The MW was developed out of the MRRC version of the Zenith X04, and all featured the right spacing, width, and mounting tabs for direct fitting to Lines Bros Tri-ang chassis.

 

 

The Pittman motors had no relation to Zenith, who started in the late 1940's, after Pittman, and Pittman's layout was copied a lot.

 

Another 1940's maker was Taycol in the UK, who designed from scratch, and were industrial makers as well. They made Hamblings motors, and made some motors branded for others like Romford, who were only concerned will Model Railways and were sold by W&H models. Most Taycol were 7 pole motors, but 5 pole when made for others.

 

The originator of the "X04" style was Mantua in the States in the late 1930's, they were the first 5 pole 12 volt motors, and were made for 60 years.

 

Pittman started in O Gauge, but scaled down the designs to offer a higher quality version of the more basic Mantua in HO about 1946 and continued for about 50 years, (still in motor business).

 

The next maker to improve design was Bob Lindsay in the States who designed the Ringfield 7 pole units with Skewed slots, a patented design still the standard in small motors. He also used cast magnet with poles incorporated, another first for model design.
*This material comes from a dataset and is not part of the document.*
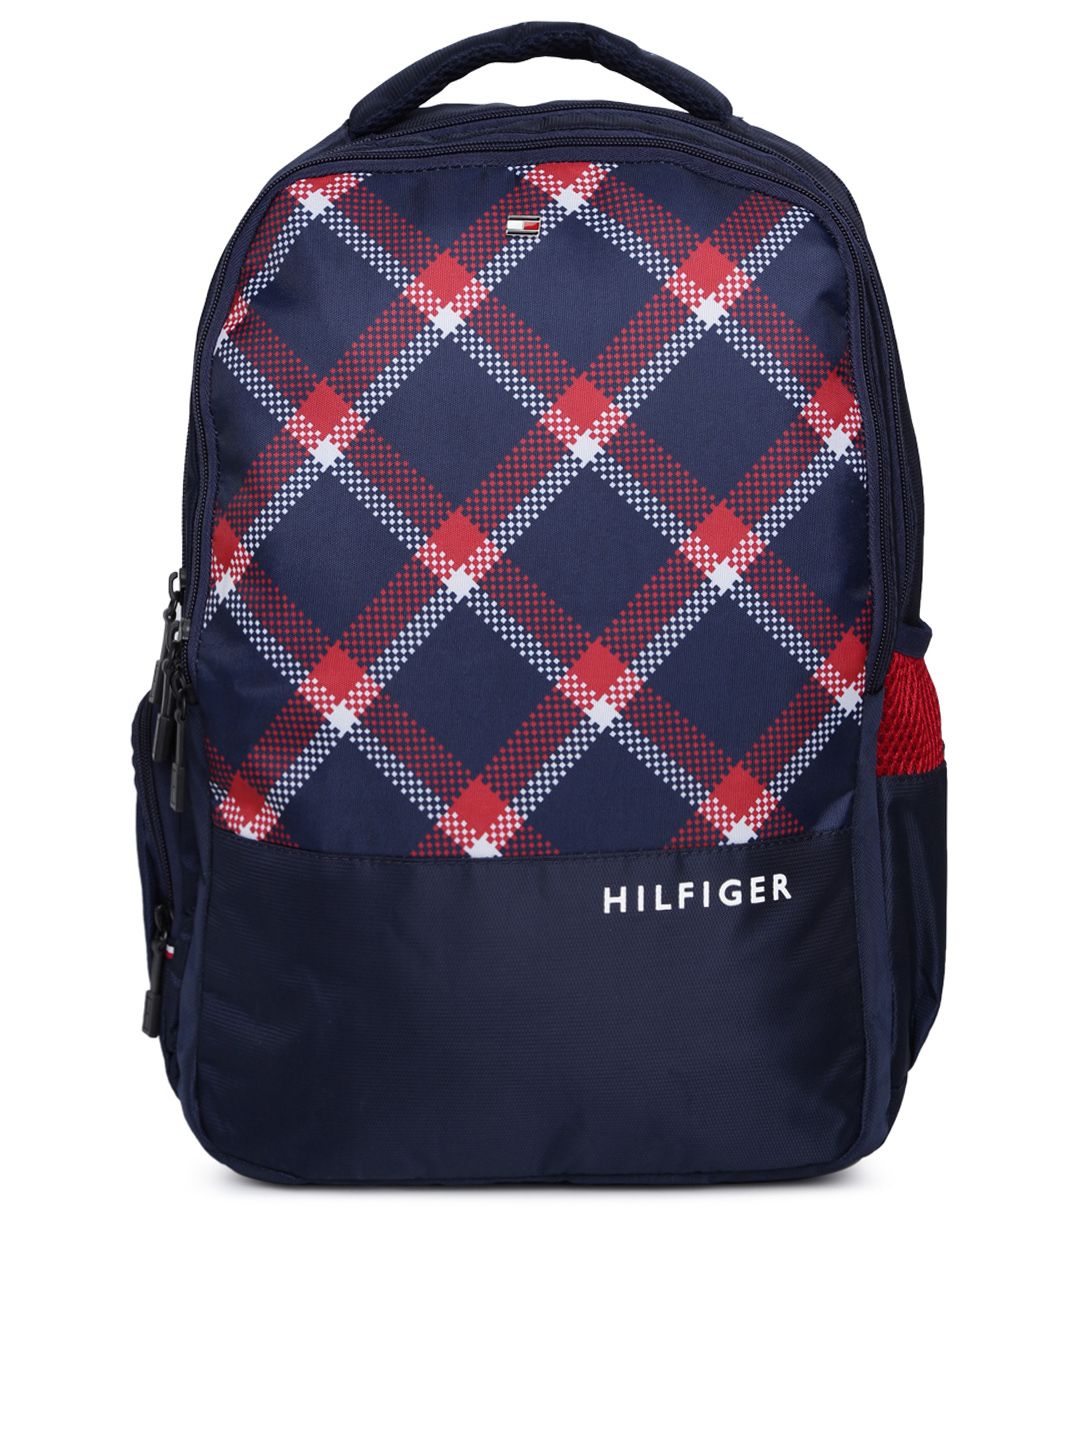 Tommy Hilfiger Unisex Navy Blue & White Backpack Price in India
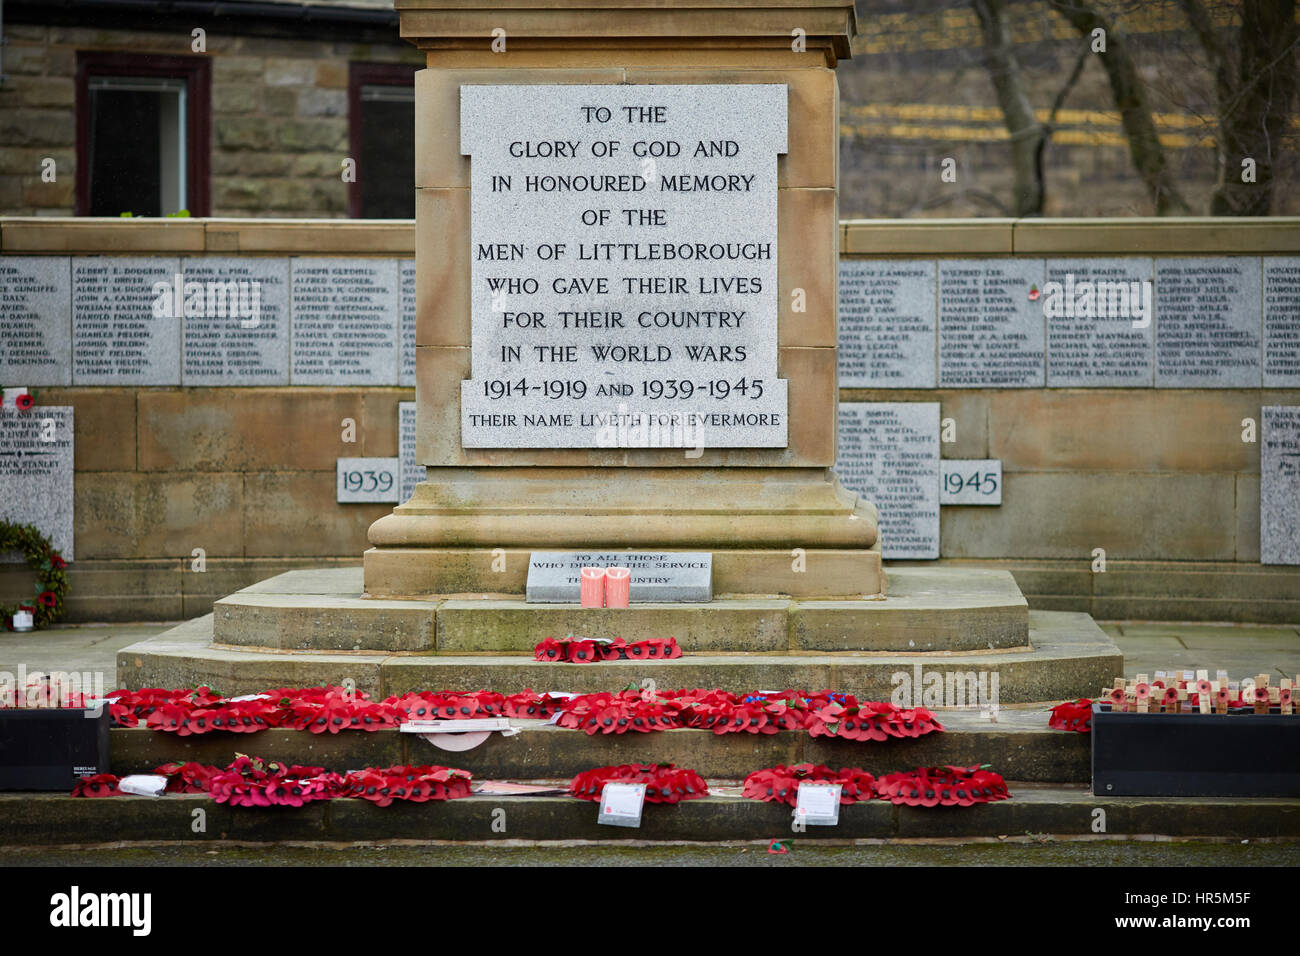 British legion remembrance day Poppies around cenotaph in the village of Littleborough, Rochdale, Lancashire, England, UK. Stock Photo

He worked in HO motor design till his death in the mid 1950's

 

The next change was the pressure of TT scale, which lead to all makers reducing the sizes, for instance Romford's Terrier.

 

The Zenith Model Company made motors in Margate and were taken over by Lines Bros to make motors for Tri-ang, they also made other motors for a while in the 1940's , all ball raced seven pole, and were the Rolls Royce of motors.

 

Unfortunately Tri-ang just needed a very cheap motor and the X series was the result, cost drive 3 pole design , but at least reliable.

 

But the drive for better made alternatives was on, and all the clones were made from about 1958 or so.

 

The other makes worth using in this open style are the German made Trix, wider than Tri-ang, but well made, Buhler made copies, used by many makers, and the numerous Japanese 5 pole clones of Pittman, from KTM, NWSL, Johnson, Mabuchi and other FE makers.

 

The FE clones with 3 poles are generally poor, the 5 usually much better, very few 7 pole were made outside the States.

 

The only other unique design of motor for model use was Keyser's K series, a wonderful 5 pole design, but ruined and plagued by poor quality control. It could fit Tri-ang as well as the kits K's made. I was told that the design came from Taycol, but was altered to lower cost by K's. This motor was made for about 30 years.

 

Slot cars spawned motor design, the Tri-ang slot cars motors used X series motors, and others like Model Road Racing cars(MRRC), made slot and railway motors, owned by Airfix, who entered making model railways in the late 1970's.

 

Another maker that was unique and does occasionally turn up was VIP, who made 6 pole designs for slot cars and trains for a while. I believe they also made the Castle Arts Gaiety motor, a 5 pole split field design, a very advanced design, but poorly made to lower costs.

 

Graham Farish used open framed 5 pole motors in OO models, made by Pittman in the 1940's and Buhler and others in the later years.

 

Hornby stood aside from all of this, they made their own motors with the exception of buying in the design for Ringfield for the Castle, based on a Robert Lindsay design for Varney in the States.

 

Varney initially used Lindsay designs, but changed to Pittman designs in the 1950's , turning to FE clones of Pittman to lower costs about 1959.

 

This covers most types of motor in the style of Mantua, the originator of the type that the X0-4 is based on.

 

There were other ideas, Stewart Reidpath, AC motors, KTM stack designs, and the modern coreless motors.

 

Mashima are basically traditional designs, just using finer coils, and better magnets, but exactly the same basics from the 1940's. They do make coreless, as well as other specialist designs.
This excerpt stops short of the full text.